Do you want that a few Indians shall sit as your representatives in the House of Commons?
Do you want a large number of Indians in the Civil Service?
Let us see whether 50, 100, 200, or 300 civilians will make the Government our own....

The whole Civil Service might be Indian, but the Civil servants have to carry out orders--they cannot direct, they cannot dictate the policy.
One swallow does not make the summer.

One civilian, 100 or 1,000 civilians in the service of the British Government will not make that Government Indian.

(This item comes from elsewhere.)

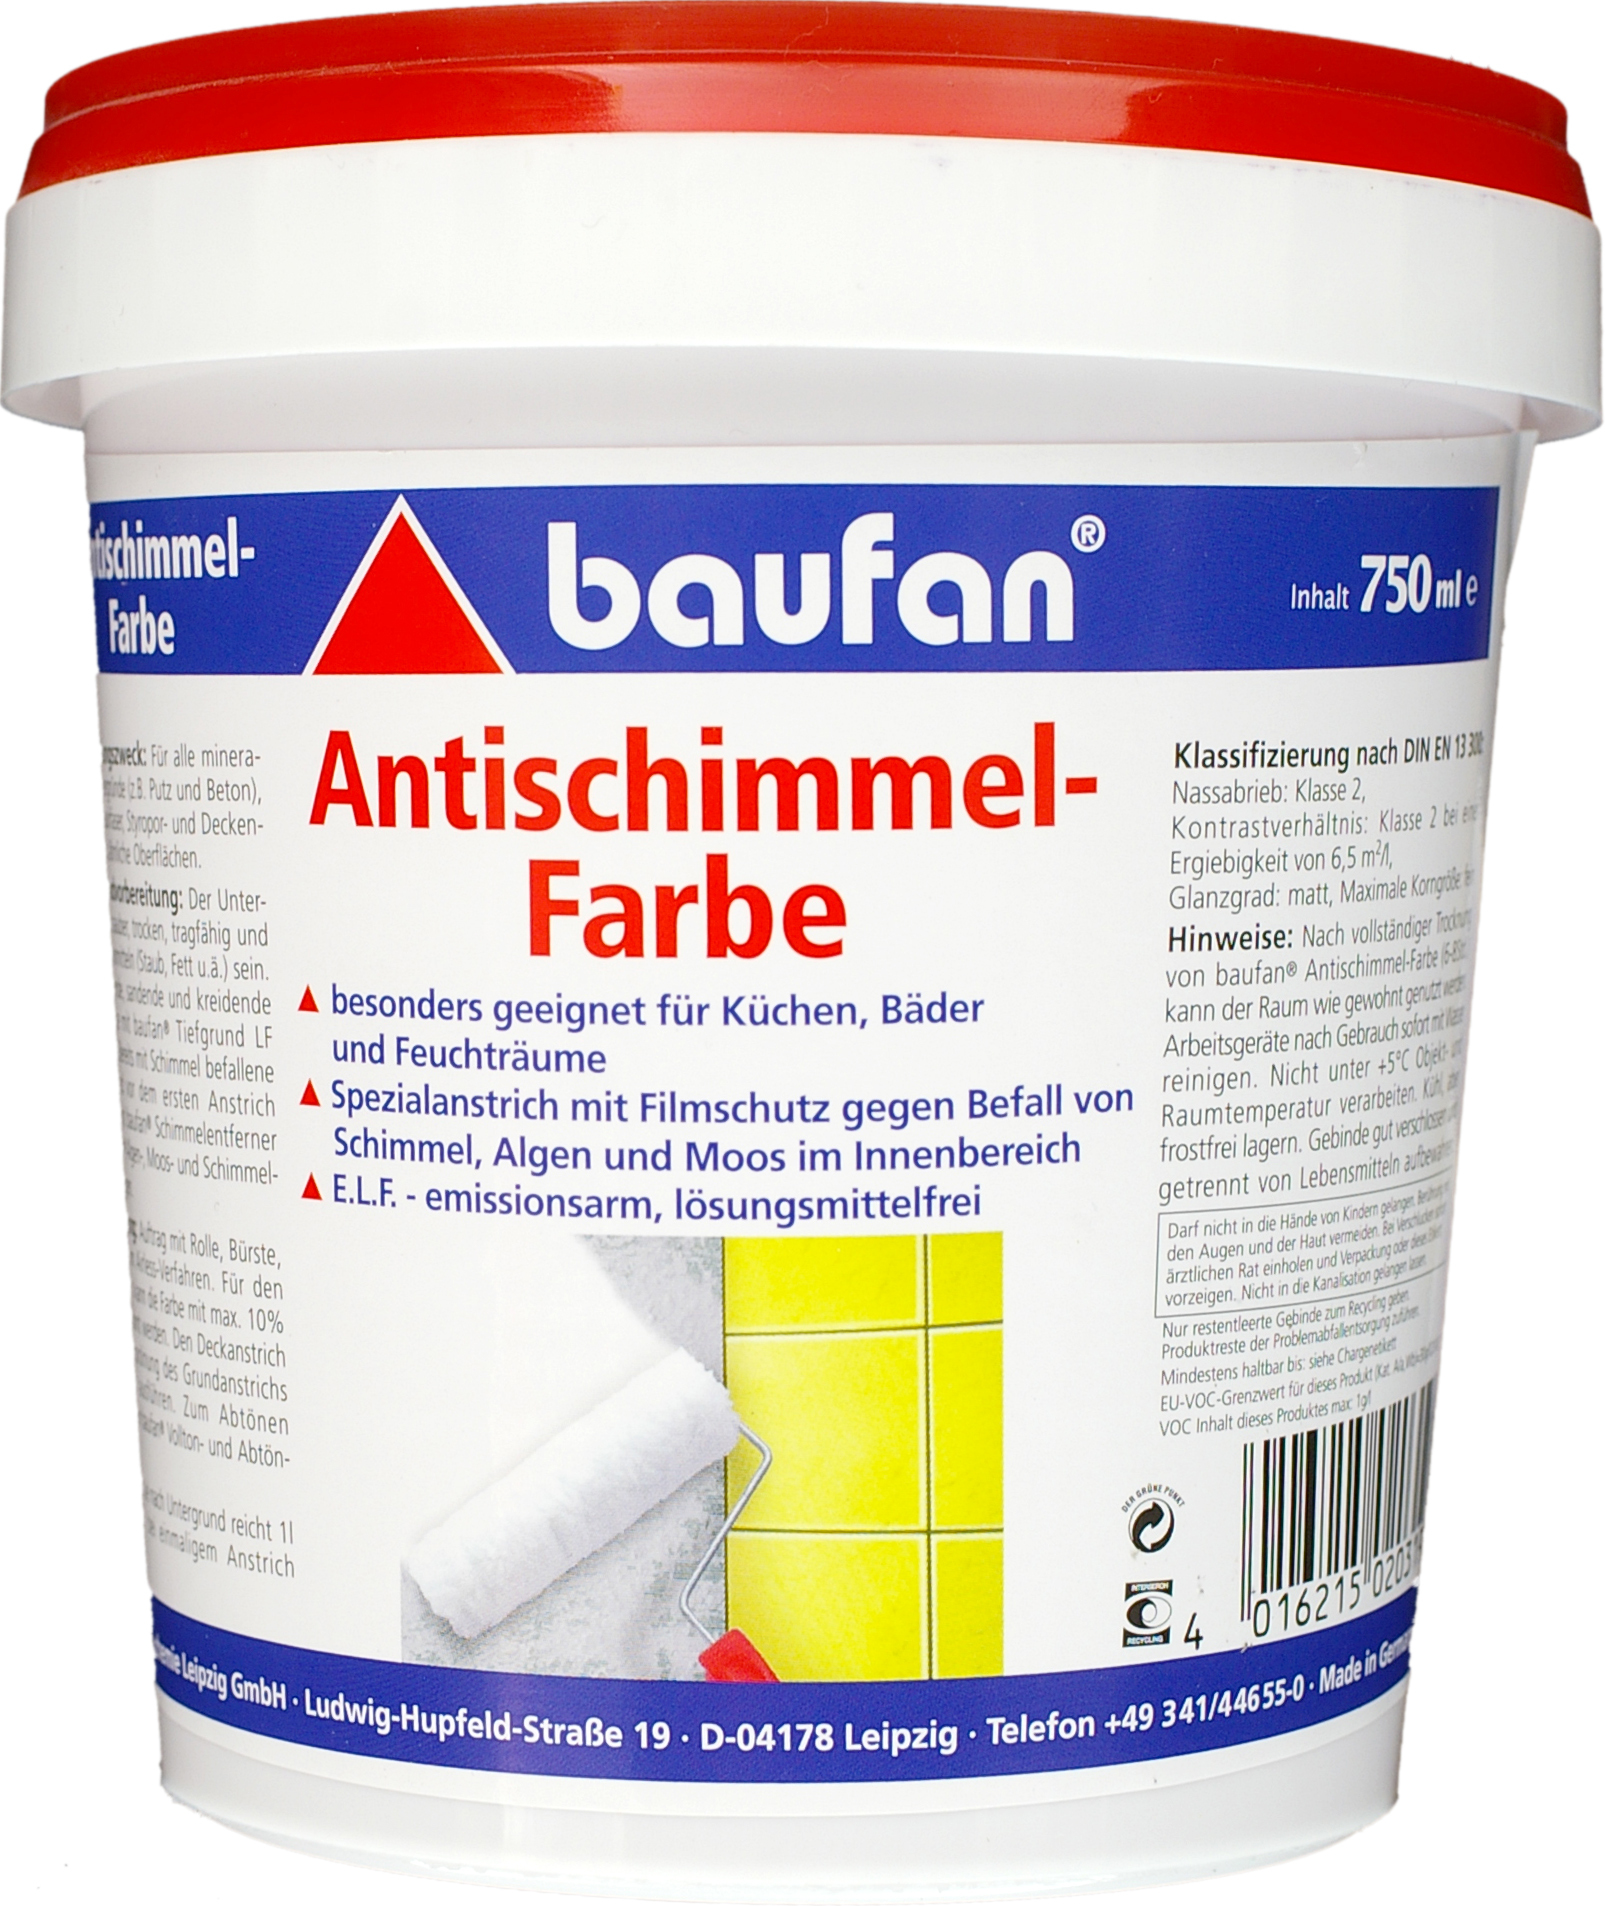 Baufan Bauchemie Leipzig GmbH Baufan Anti-Schimmelfarbe 750 ml

There are traditions, there are laws, there are policies to which every civilian, be he black or brown or white, must submit, and as long as these traditions have not been altered, as long as these principles have not been amended, as long as that policy has not been radically changed, the supplanting of European by Indian agency will not make for self-government in this country.
Nor is it from the British Government that Mr.Pal looks for, or would accept, _Swaraj_:-- If the Government were to come and tell me to-day "Take _Swaraj" I would say thank you for the gift, but I will not have that which I cannot acquire by my own hand....
Our programme is that we shall so work in the country, so combine the resources of the people, so organize the forces of the nation, so develop the instincts of freedom in the community, that by this means we shall--_shall_ in the imperative--compel the submission to our will of any power that may set itself against us.
Equally definite is Mr.Pal as to the methods by which _Swaraj_ is to be made "imperative." They consist of _Swadeshi_ in the economic domain, i.e., the encouragement of native industries reinforced by the boycott of imported goods which will kill British commerce and, in the political domain, passive resistance reinforced by the boycott of Government service.
They say:--Can you boycott all the Government offices?
Whoever said that we would?
Whoever said that there would not be found a single Indian to serve the Government or the European community here?
But what we can do is this.
We can make the Government impossible without entirely making it impossible for them to find people to serve them.
The administration may be made impossible in a variety of ways.

It is not actually that every deputy magistrate should say: I won't serve in it.